■ Exercise data
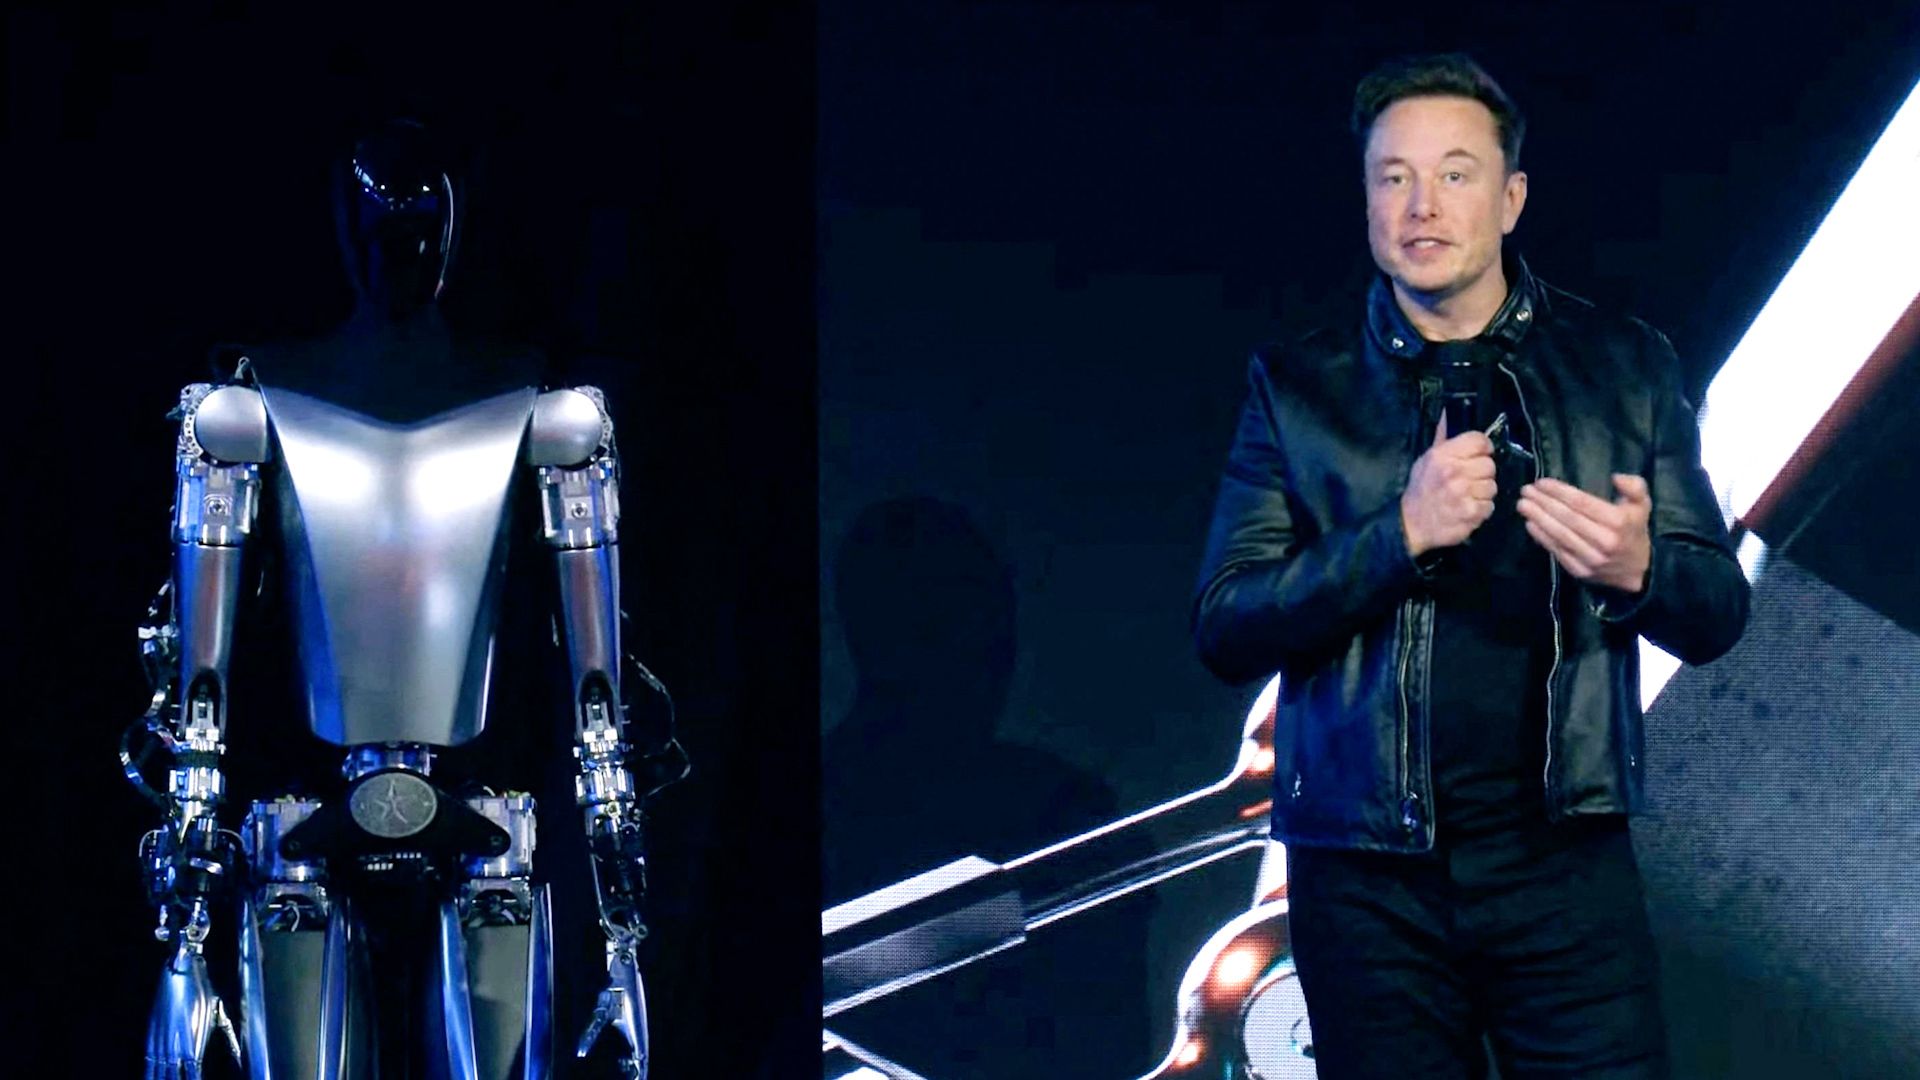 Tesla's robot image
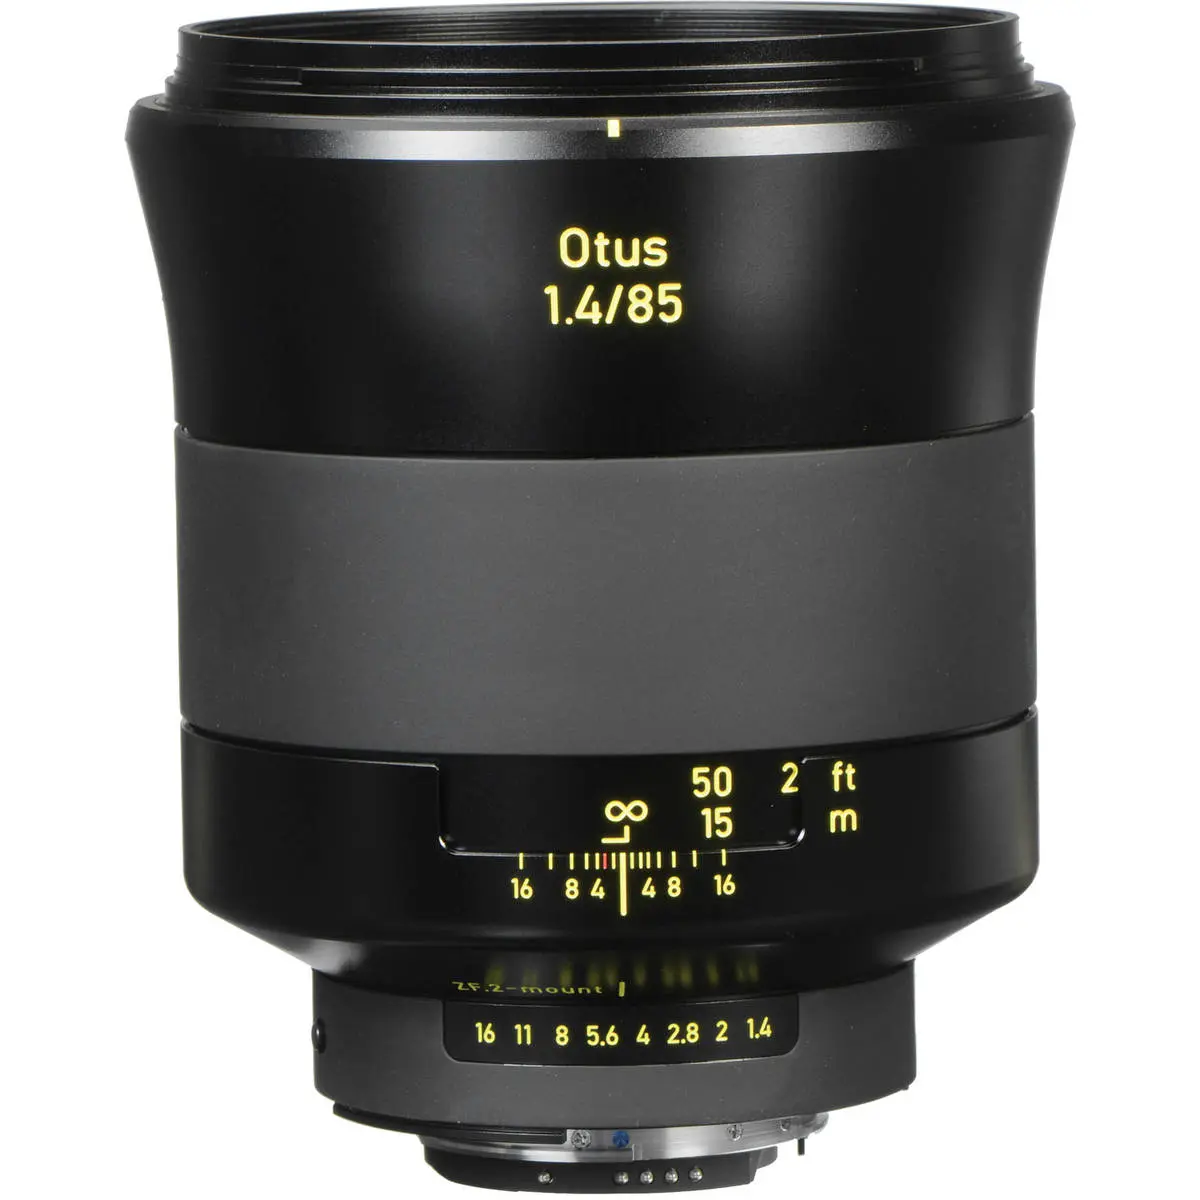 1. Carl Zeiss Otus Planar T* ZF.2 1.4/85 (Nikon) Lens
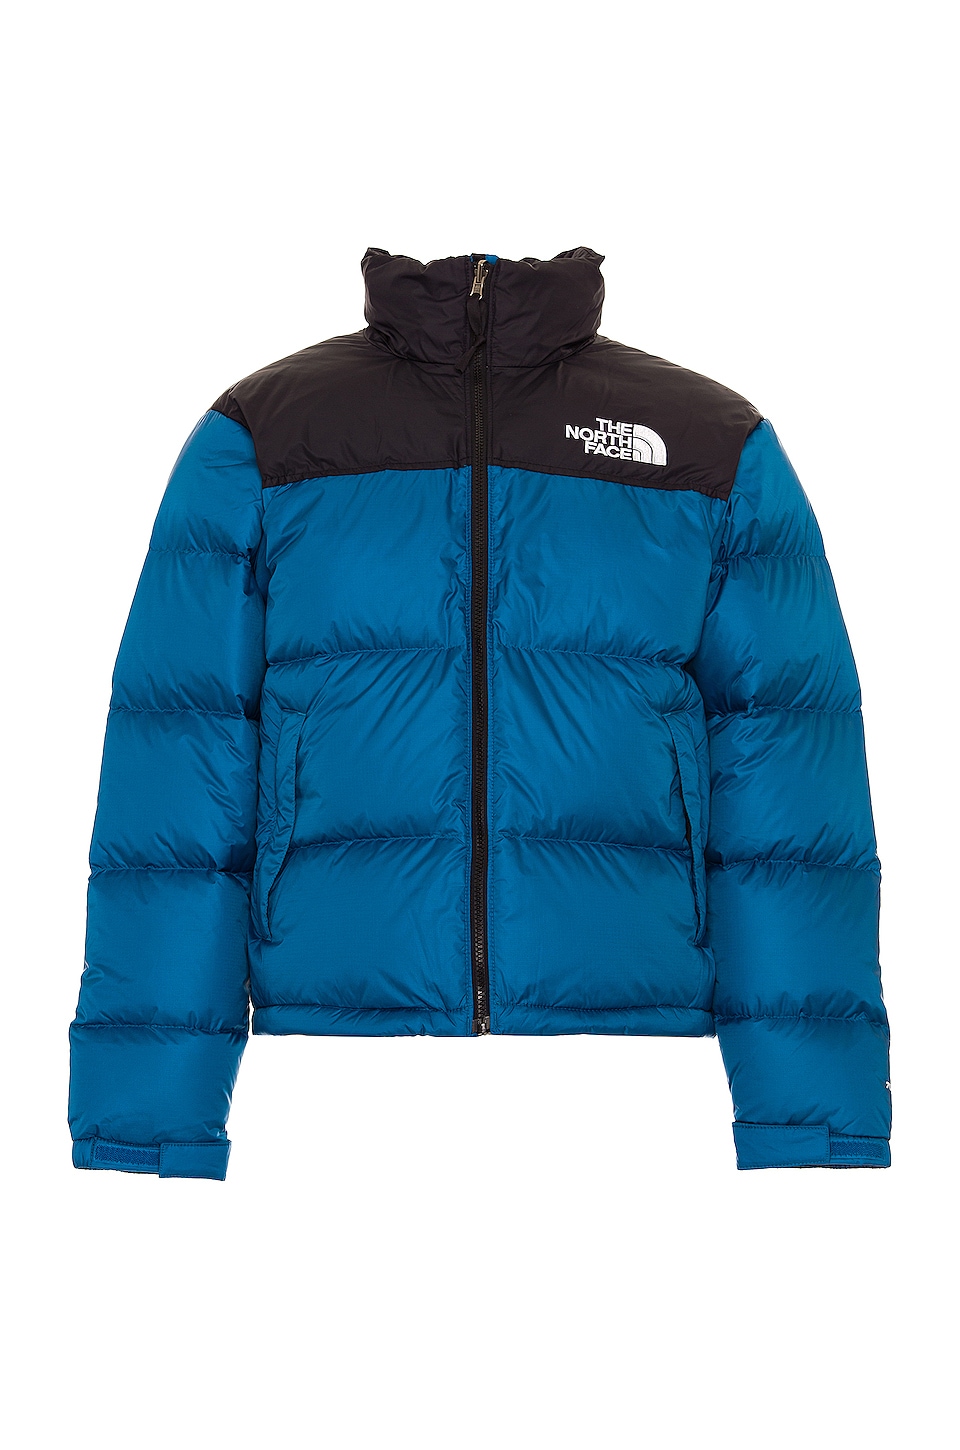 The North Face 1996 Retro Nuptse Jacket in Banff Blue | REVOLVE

■ Work task
All lines of the material above should be returned unchanged, but no pictures should be included.

■ Written response
 Tesla's robot image
 1. Carl Zeiss Otus Planar T* ZF.2 1.4/85 (Nikon) Lens
 The North Face 1996 Retro Nuptse Jacket in Banff Blue | REVOLVE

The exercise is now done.